“But ask the animals, and they will teach you; the birds of the air, and they will tell you; ask the plants of the earth, and they will teach you; and the fish of the sea will declare to you” — Job 12:7-8.
Mourning doves at the feeder this morning, blue jays squabbling on our standing-seam metal roof, shortly before dawn a fox leaping through the snow nearby, mice in the garage foraging on birdseed I spilled and haven’t yet swept up, a few geese lingering and looking forlorn as they forage in the dark water of a lake, made darker by contrast with the surrounding snows.
Visible kin, feathered and furred. Beneath the surface of the pond, a few salamanders who haven’t yet burrowed into the mud to winter there. Scaled kin.

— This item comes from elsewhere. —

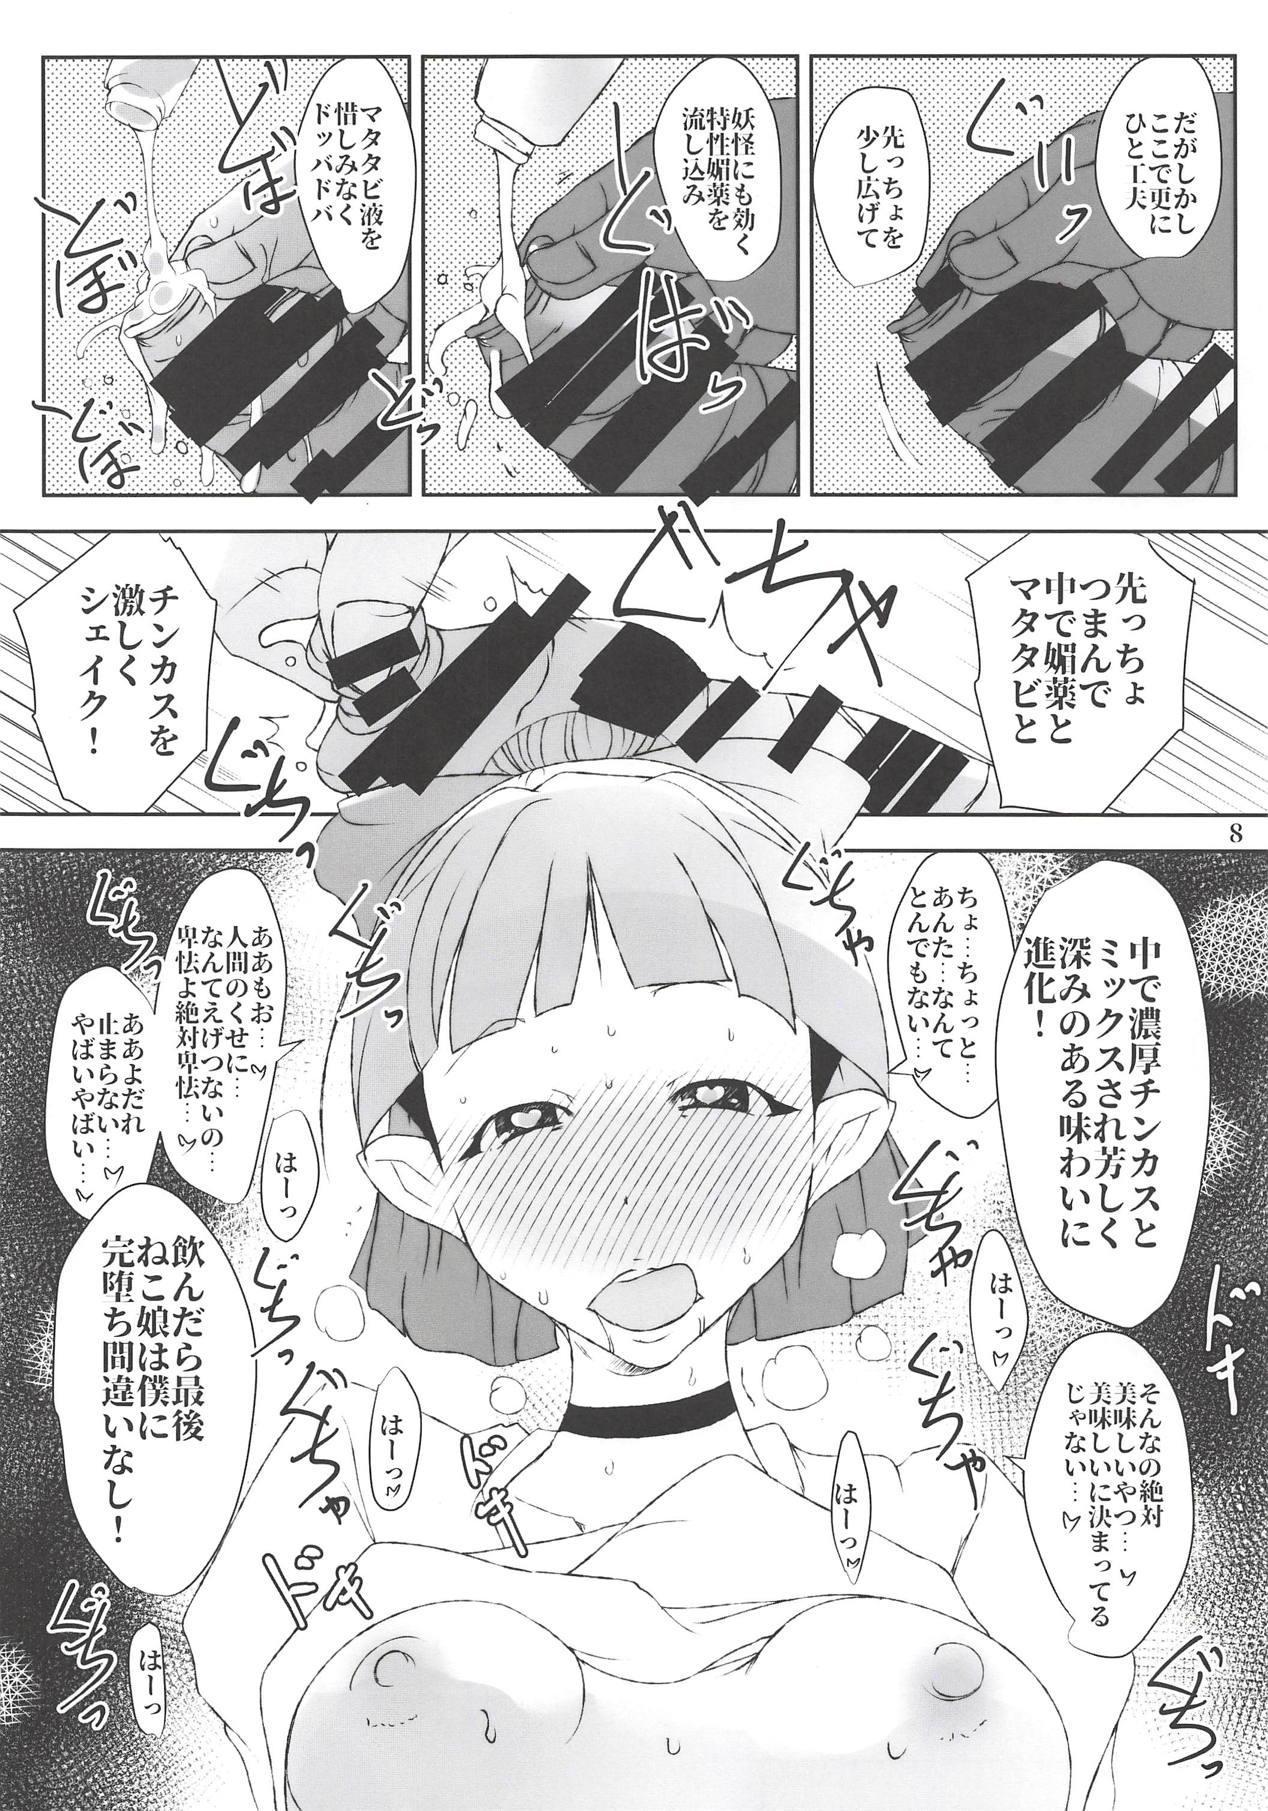 Neko Musume wa Boku no Iinari Saiin Kimeseku Juujun Pet 7

And golden till the end — leafy kin — a young maple in our back yard, shouldering its way up among larger pines.
What can I ask, and what will they teach, tell and declare?

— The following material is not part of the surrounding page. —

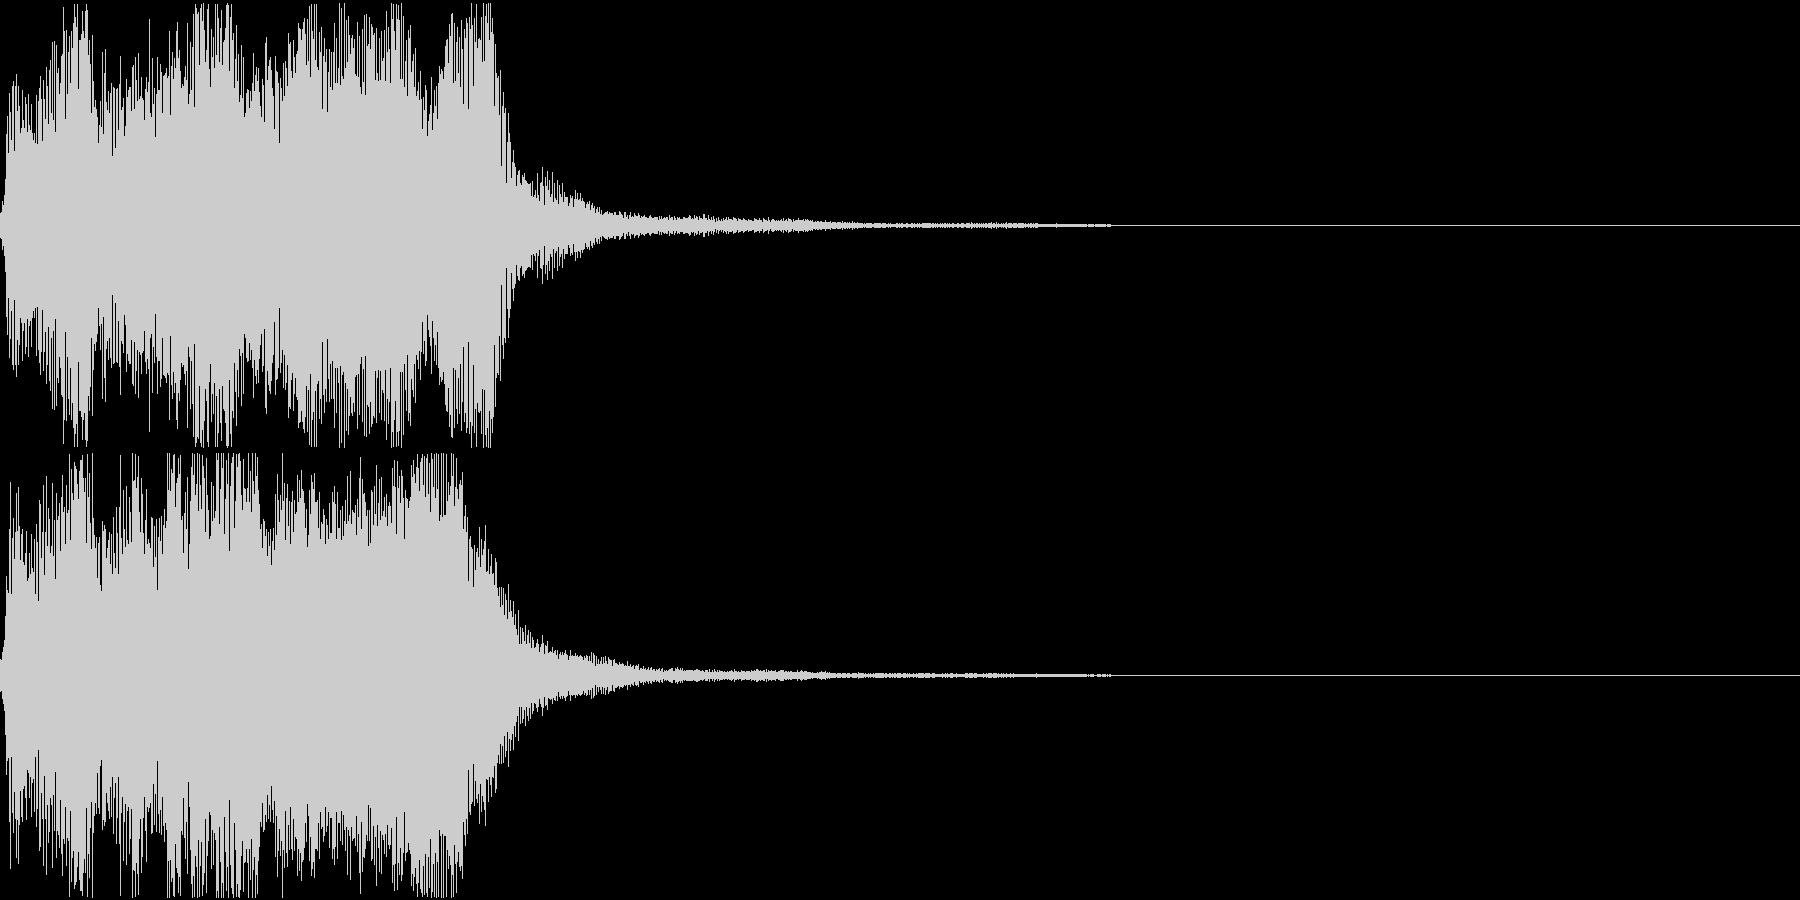 ラッパ ファンファーレ 定番 19の未再生の波形

Isn’t everything open and shut at the same time, the glory and the wretched side by side, the fox killing the hare, the wonder of sunrise, a birth and a death both?

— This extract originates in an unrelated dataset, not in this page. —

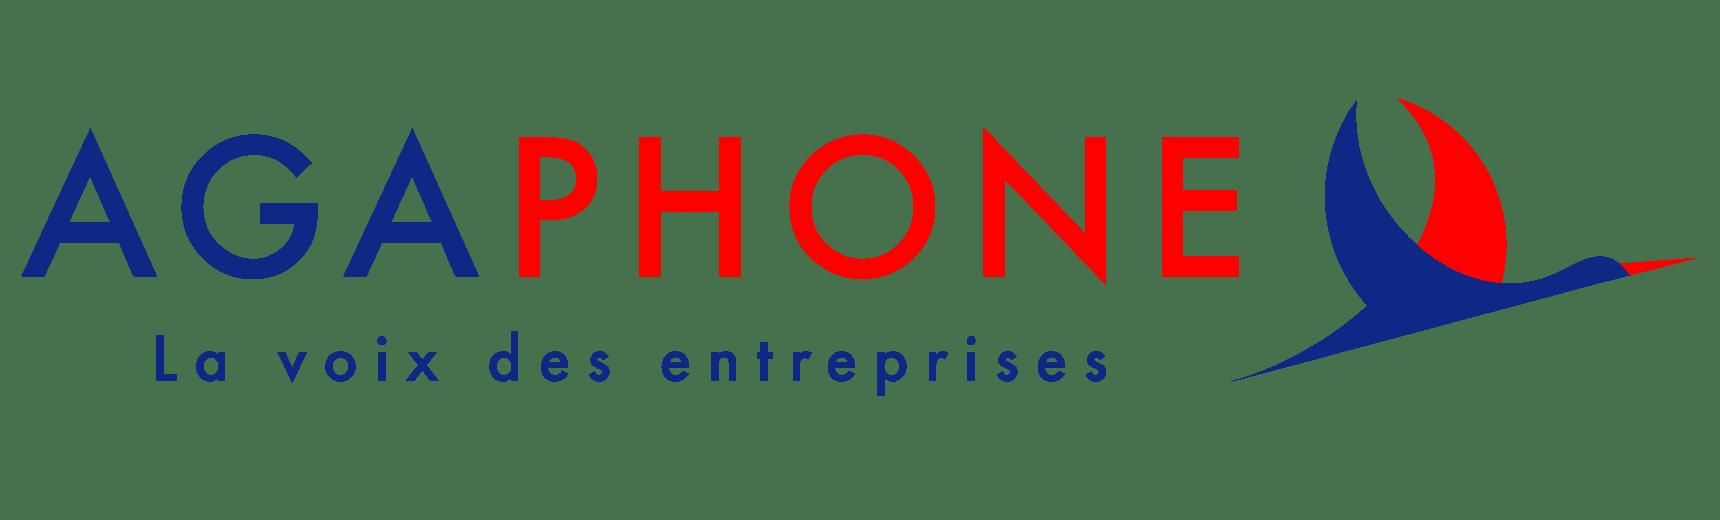 Agaphone, pionnier de l'accueil téléphonique en france

But what of the between, where we all live, where it is often neither? The third way we pass over, because it constantly moves with us, never stopping to be wholly seen or felt, a shadow at our backs, a light in front of us, a suspicion of beauty and the marvelous: peering through the grime and fog of a dirty window, a commuter on the way to work, waving; a bare branch with exactly seven sparrows wing to wing, puffed against the cold; the surprise of light on water, perfect mirror; a child’s unflinching gaze. O my world, altar of how many things to see and know and suffer and enjoy and give up and welcome again, how can I do anything else than love you, in the end?